**Stored data:**
__________

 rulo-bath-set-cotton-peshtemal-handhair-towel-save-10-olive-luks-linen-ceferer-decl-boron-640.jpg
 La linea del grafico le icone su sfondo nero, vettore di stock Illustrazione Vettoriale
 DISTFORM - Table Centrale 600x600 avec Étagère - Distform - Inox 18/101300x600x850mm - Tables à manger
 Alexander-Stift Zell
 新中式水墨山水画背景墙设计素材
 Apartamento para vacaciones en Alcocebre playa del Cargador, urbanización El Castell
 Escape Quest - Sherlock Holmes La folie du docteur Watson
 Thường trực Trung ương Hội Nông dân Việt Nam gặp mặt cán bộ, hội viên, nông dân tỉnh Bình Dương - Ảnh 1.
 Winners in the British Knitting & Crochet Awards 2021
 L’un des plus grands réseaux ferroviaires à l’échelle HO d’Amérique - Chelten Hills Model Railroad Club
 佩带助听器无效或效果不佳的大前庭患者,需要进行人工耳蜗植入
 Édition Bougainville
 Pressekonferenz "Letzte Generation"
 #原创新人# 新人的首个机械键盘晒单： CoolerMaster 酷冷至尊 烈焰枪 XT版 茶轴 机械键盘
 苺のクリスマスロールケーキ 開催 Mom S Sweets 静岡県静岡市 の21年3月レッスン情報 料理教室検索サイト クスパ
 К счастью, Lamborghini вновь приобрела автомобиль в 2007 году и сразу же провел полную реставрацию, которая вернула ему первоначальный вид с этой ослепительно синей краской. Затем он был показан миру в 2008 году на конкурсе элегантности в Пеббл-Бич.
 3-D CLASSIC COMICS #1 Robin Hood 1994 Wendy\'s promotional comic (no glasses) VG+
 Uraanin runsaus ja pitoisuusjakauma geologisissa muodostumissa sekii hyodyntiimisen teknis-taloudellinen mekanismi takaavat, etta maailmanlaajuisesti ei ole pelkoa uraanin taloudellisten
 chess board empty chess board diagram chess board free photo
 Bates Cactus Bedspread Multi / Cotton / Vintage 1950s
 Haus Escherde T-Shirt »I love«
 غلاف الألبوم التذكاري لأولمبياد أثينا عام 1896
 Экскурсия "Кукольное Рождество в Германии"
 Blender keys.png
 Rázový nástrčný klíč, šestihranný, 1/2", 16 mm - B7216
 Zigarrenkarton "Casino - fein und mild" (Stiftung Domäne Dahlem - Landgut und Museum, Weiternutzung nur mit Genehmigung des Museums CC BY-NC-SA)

__________

Return only the lines spanning from the first line of the material through the line with "佩带助听器无效或效果不佳的大前庭患者,需要进行人工耳蜗植入", copied exactly, both ends kept.

 rulo-bath-set-cotton-peshtemal-handhair-towel-save-10-olive-luks-linen-ceferer-decl-boron-640.jpg
 La linea del grafico le icone su sfondo nero, vettore di stock Illustrazione Vettoriale
 DISTFORM - Table Centrale 600x600 avec Étagère - Distform - Inox 18/101300x600x850mm - Tables à manger
 Alexander-Stift Zell
 新中式水墨山水画背景墙设计素材
 Apartamento para vacaciones en Alcocebre playa del Cargador, urbanización El Castell
 Escape Quest - Sherlock Holmes La folie du docteur Watson
 Thường trực Trung ương Hội Nông dân Việt Nam gặp mặt cán bộ, hội viên, nông dân tỉnh Bình Dương - Ảnh 1.
 Winners in the British Knitting & Crochet Awards 2021
 L’un des plus grands réseaux ferroviaires à l’échelle HO d’Amérique - Chelten Hills Model Railroad Club
 佩带助听器无效或效果不佳的大前庭患者,需要进行人工耳蜗植入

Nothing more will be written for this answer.